Lagenophora is a genus of flowering plants in the family Asteraceae. Species occur in South-east Asia, Australia, New Zealand, as well as Central and South America.

 Species
 Lagenophora barkeri Kirk - New Zealand 
 Lagenophora cuchumatanica Beaman & De Jong - Guatemala
 Lagenophora cuneata Petrie - New Zealand 
 Lagenophora gibbsiae Merr. - Borneo
 Lagenophora gunniana Steetz - Australia
 Lagenophora gracilis Steetz
 Lagenophora hariotii (Franch.) Franch. - Argentina, Chile incl.
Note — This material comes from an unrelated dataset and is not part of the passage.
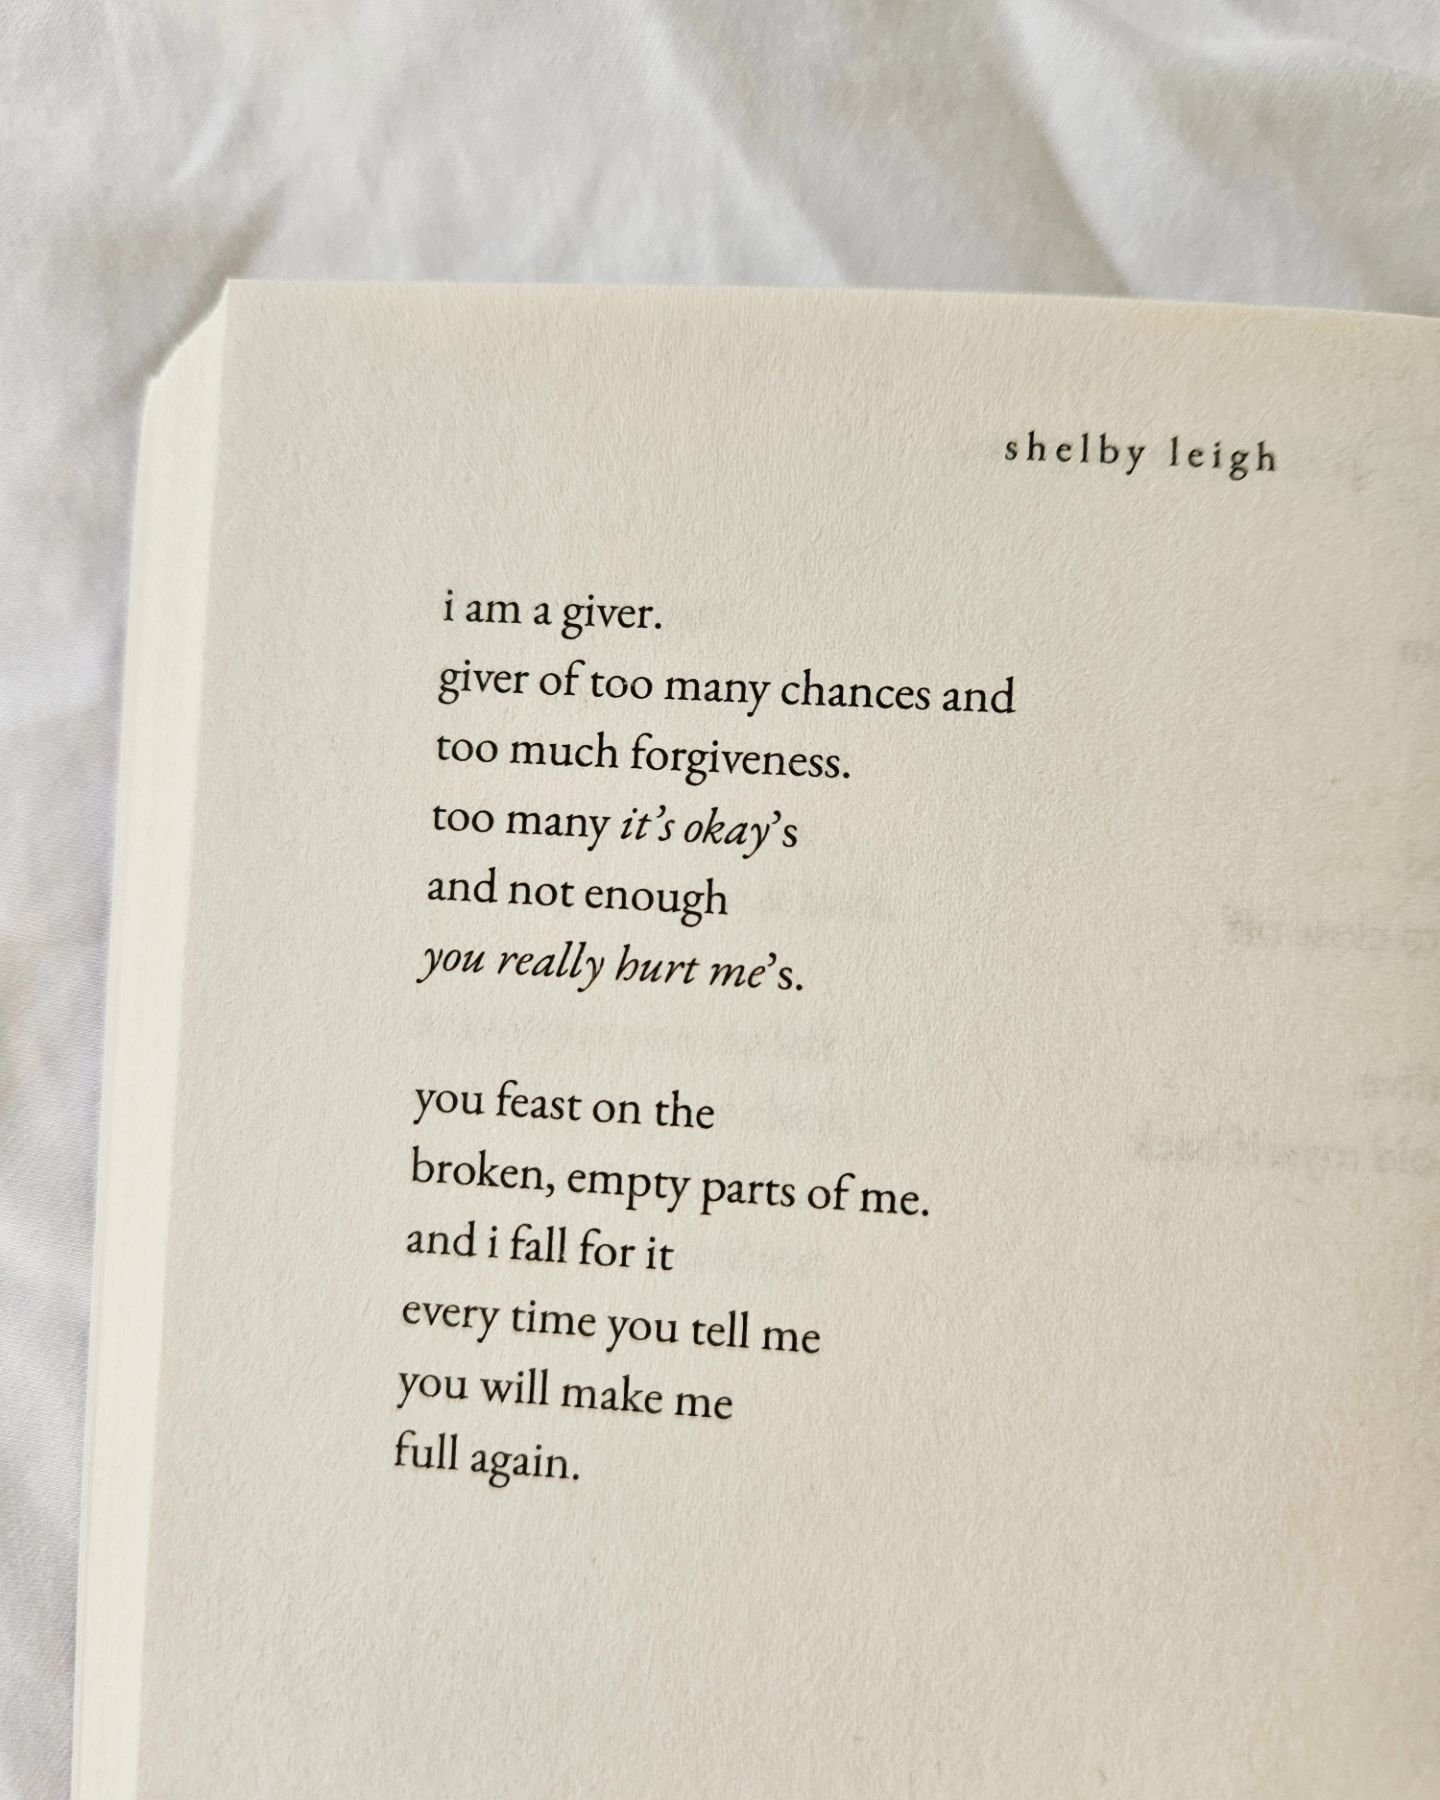 sometimes, in our journey of giving, we forget to reserve strength for ourselves. remember, it's okay to nurture your own garden before offering flowers to others. this poem, from &quot;girl made of glass&quot; on amazon, is a reminder of the empty f

Juan Fernández Islands
 Lagenophora hirsuta (Poeppig ex Less.) Dudley - Argentina, Chile 
 Lagenophora huegelii Benth. - Australia
 Lagenophora lanata A.Cunn. - Japan, Taiwan, New Zealand
 Lagenophora mikadoi (Koidz.) Koidz. ex H.Koyama - Japan
 Lagenophora montana Hook.f. - Australia, New Zealand
 Lagenophora nudicaulis (Comm. ex Lam.) Dusén - Argentina, Chile 
 Lagenophora petiolata Hook.f. - New Zealand 
 Lagenophora pinnatifida Hook.f. - New Zealand 
 Lagenophora pumila (G.Forst.) Cheeseman - New Zealand 
 Lagenophora stipitata (Labill.) Druce - blue bottle-daisy, common lagenophora - Australia, New Zealand, Southeast Asia, China, Indian Subcontinent
 Lagenophora strangulata Colenso - New Zealand

Destruction of specimens
In 2017, Australian customs officials destroyed 106 herbarium specimens of Lagenophora that Australian scientists were attempting to re-import into the country, but the specimens' documentation was insufficient. The specimens dated to as early as the 1790s, and included six type specimens. As a result of this incident, many worldwide institutions put a temporary ban on sending museum specimens to Australia.